Sad news about author Olivia Goldsmith, in critical condition after reacting badly to the anesthesia she was given during plastic surgery.

Goldsmith is the author of the delicious THE FIRST WIVES CLUB and half a dozen other lighthearted novels of women who survive bad treatment and achieve over-the-top revenge, including YOUNG WIVES and THE BESTSELLER. According to the Times, she went under the knife to have loose skin under her chin tightened.

I'm sorry that this has happened to her. And I'm sorry she felt the need for the operation in the first place.

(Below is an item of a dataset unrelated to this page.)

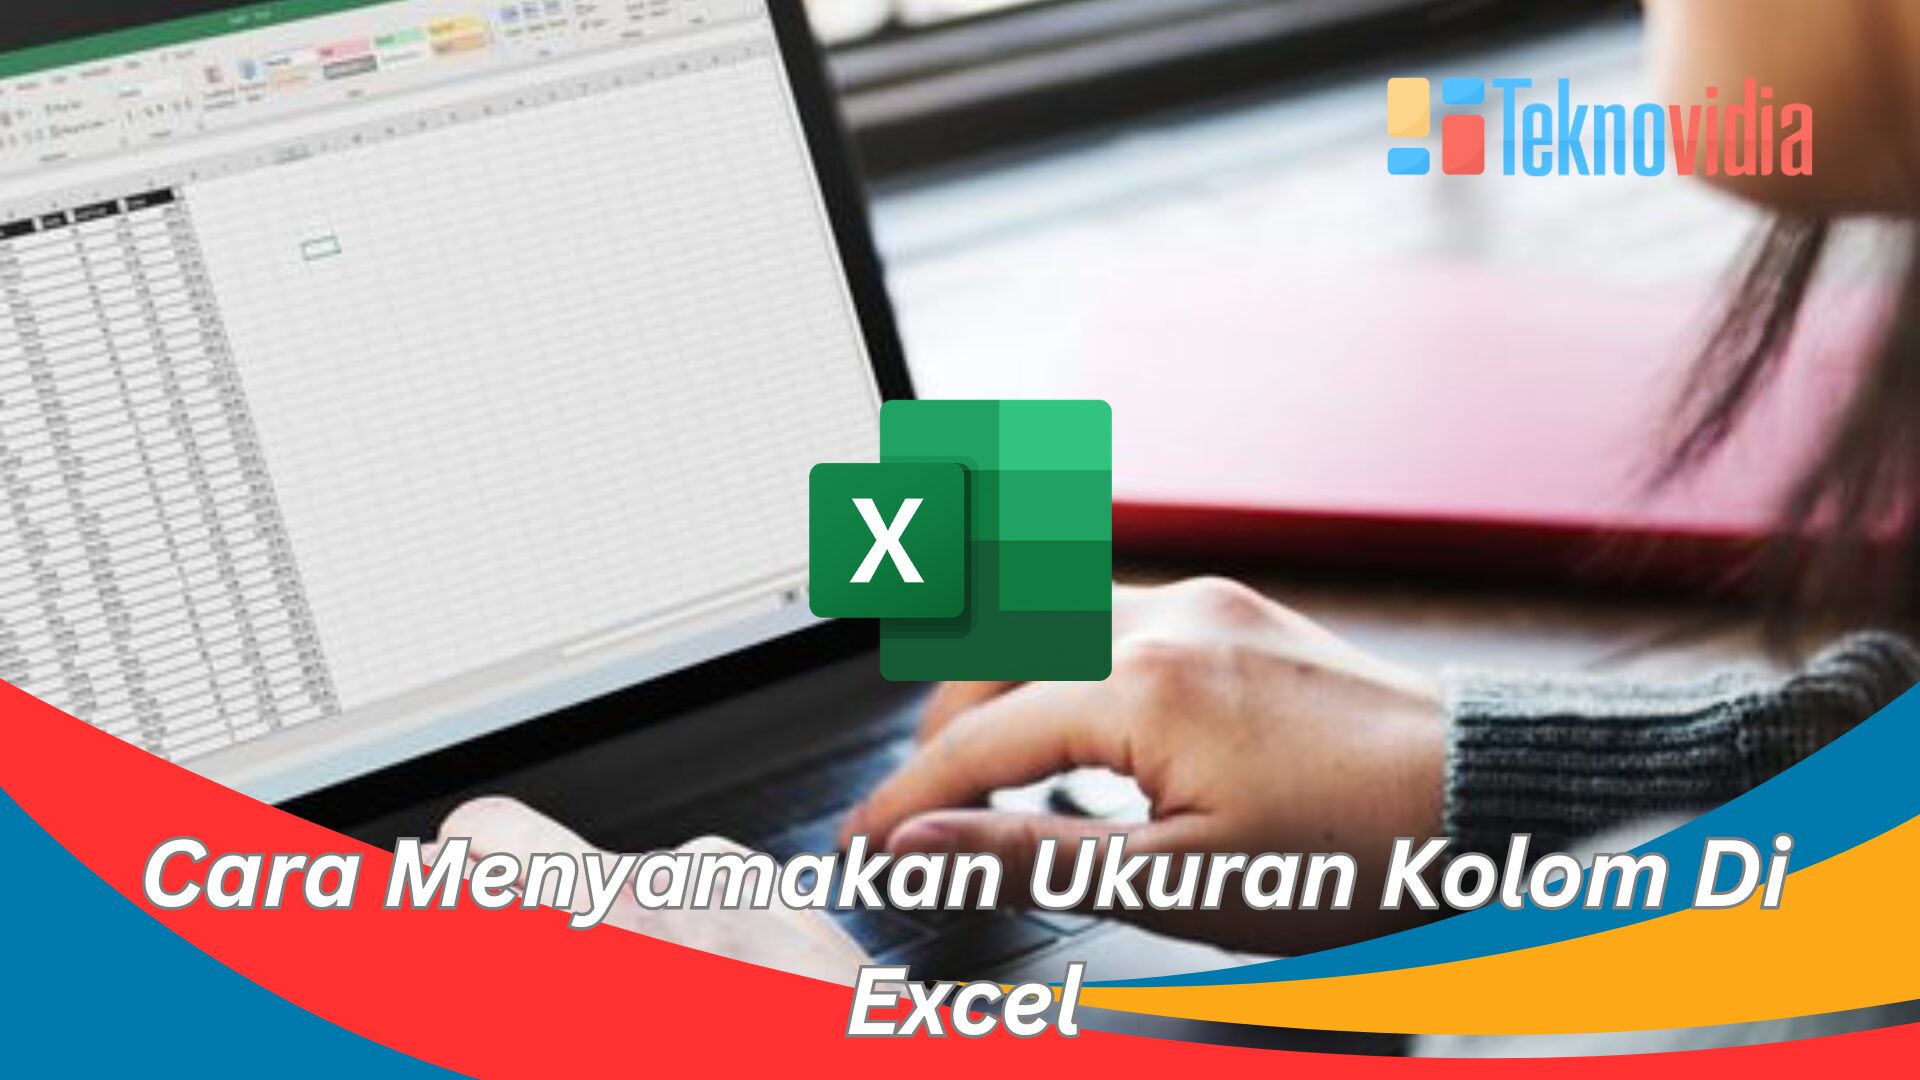 Cara Menyamakan Ukuran Kolom Di Excel

I've said it before and I'll say it again -- Sebastian Junger and Candace Bushnell notwithstanding, writers are not meant to be the world's beautiful people. There are plenty of models and actresses whose fortunes depend on their forms and faces. Let them subsist on celery sticks and breath mints, and get their parts plumped up or pared down or lifted. Writers, who work in solitude, and who only have to confront an actual audience for maybe a week or two each year -- and that's if they're especially prolific, and their publisher is unusually generous in terms of a tour, and the media's even interested -- shouldn't have to conform to the same standards. We should be permitted -- nay, encouraged -- to go gracefully into that good night, with all of the wrinkles, stretch marks, love handles and chin flab that God gave us.

I worry that by succumbing to the lure of the nip and tuck -- which was, of course, her choice to make -- Goldsmith has inadvertantly wound up reinforcing the rising and pernicious notion that a writer's looks ought to matter, and that if you're not thin, young and beautiful -- or at least two out of three -- your book will languish on the shelves, unpromoted -- if it even gets published in the first place.

That idea's bad for the business of publishing. And it's a bad notion to put out into a world where the bar for everyone keeps being set higher and higher, thinner and thinner, prettier and prettier, where talent alone isn't enough -- you have to be talented, young, and beautiful, too.